The Digital Container Shipping Association (DCSA), a neutral, non-profit group founded by major ocean carriers to digitise and standardise the container shipping industry, published a common set of processes, as well as data and interface standards for Track and Trace (T&T) on 28 January 2020.
DCSA says that the standards can be implemented by carriers, shippers and third parties to enable cross-carrier shipment tracking. This is the first of many initiatives to be put forth by DCSA to transform inefficient practices and accelerate digitalisation through a unified industry effort.
The DCSA T&T standard comprises an information model and interface standards that can be freely downloaded from the DCSA website. The data model ensures track and trace data definitions are consistent for all users, leveraging any system.
These definitions are based on the Industry Blueprint, published by DCSA and its carrier members in 2019, which established a consistent vocabulary and proposed a common set of industry processes. The T&T standards are aligned with the UN/CEFACT (United Nations Centre for Trade Facilitation and Electronic Business) standards to provide a global industry framework that preserves existing investments and streamlines communication among all supply chain participants.
For shippers, this new standard will simplify shipment visibility across multiple carriers, enabling them to better plan and optimise shipment handling activities, for carriers, it will unify T&T information sharing with other parties, ensuring accurate and efficient communication regardless of the underlying technology or platform and for the industry as a whole, the DCSA T&T standard will set a new bar for collaboration that focuses on delivering a great customer experience while improving efficiencies for all stakeholders in the supply chain, according to DCSA.

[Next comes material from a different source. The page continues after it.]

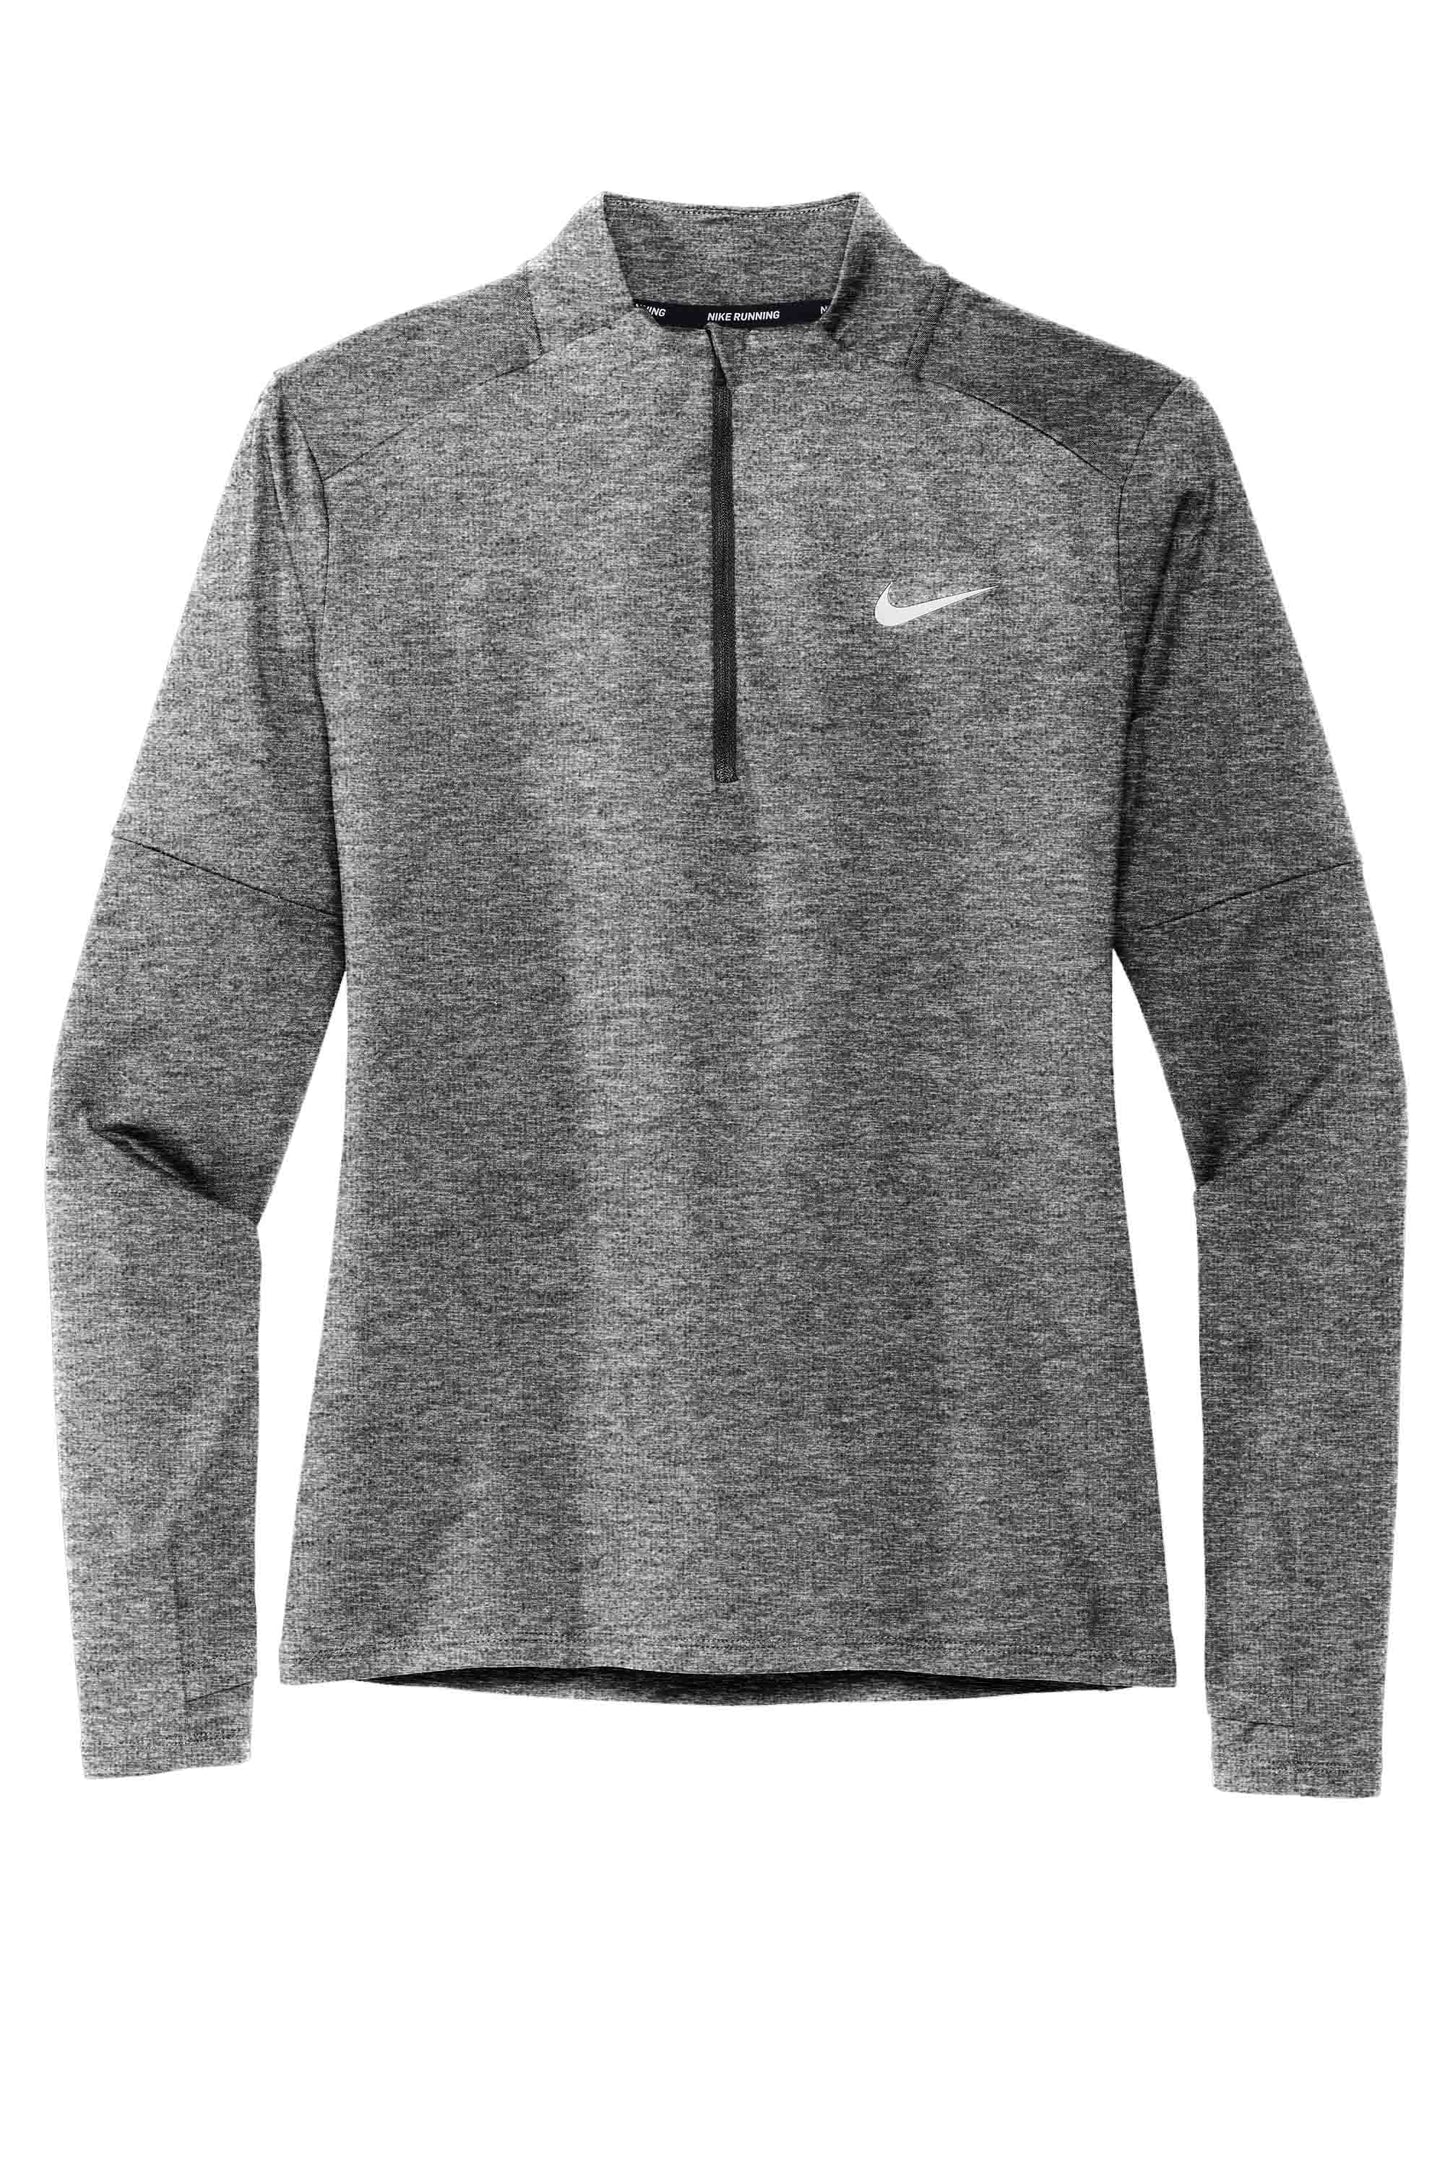 Nike Ladies Dri-FIT Lightweight 1/2 Zip Pullover

The DCSA T&T standard publication comprises a set of documents: the DCSA Information Model 1.0, T&T Data Interface 1.0, DCSA-to-UN/CEFACT Data Mapping and associated Reading Guides.
Thomas Bagge, CEO of DCSA, remarked:
“These standards will reduce complexity, cut costs and, over time, better manage end-to-end supply chains. As DCSA standards are technology- and vendor-neutral, every organisation providing shipment tracking information to its customers today will benefit by adopting our T&T standard, because it will simplify data integration with carriers and improve information quality.”
Formed in April 2019, the DCSA membership includes AP Moeller-Maersk, MSC, CMA CGM, Hapag-Lloyd, Evergreen, Ocean Network Express (ONE), Hyundai Merchant Marine (HMM) and Zim.
André Simha, chairman of the DCSA supervisory board and global chief digital and information officer for MSC said:
“Current DCSA ocean carrier membership represents 70% of the global container shipping market, and all carriers are invited to join us in collaborating to develop more efficient, automated digital container shipping. This will ensure global shipping in 2020 and beyond will benefit from digitalisation and the significant value interoperability offers.”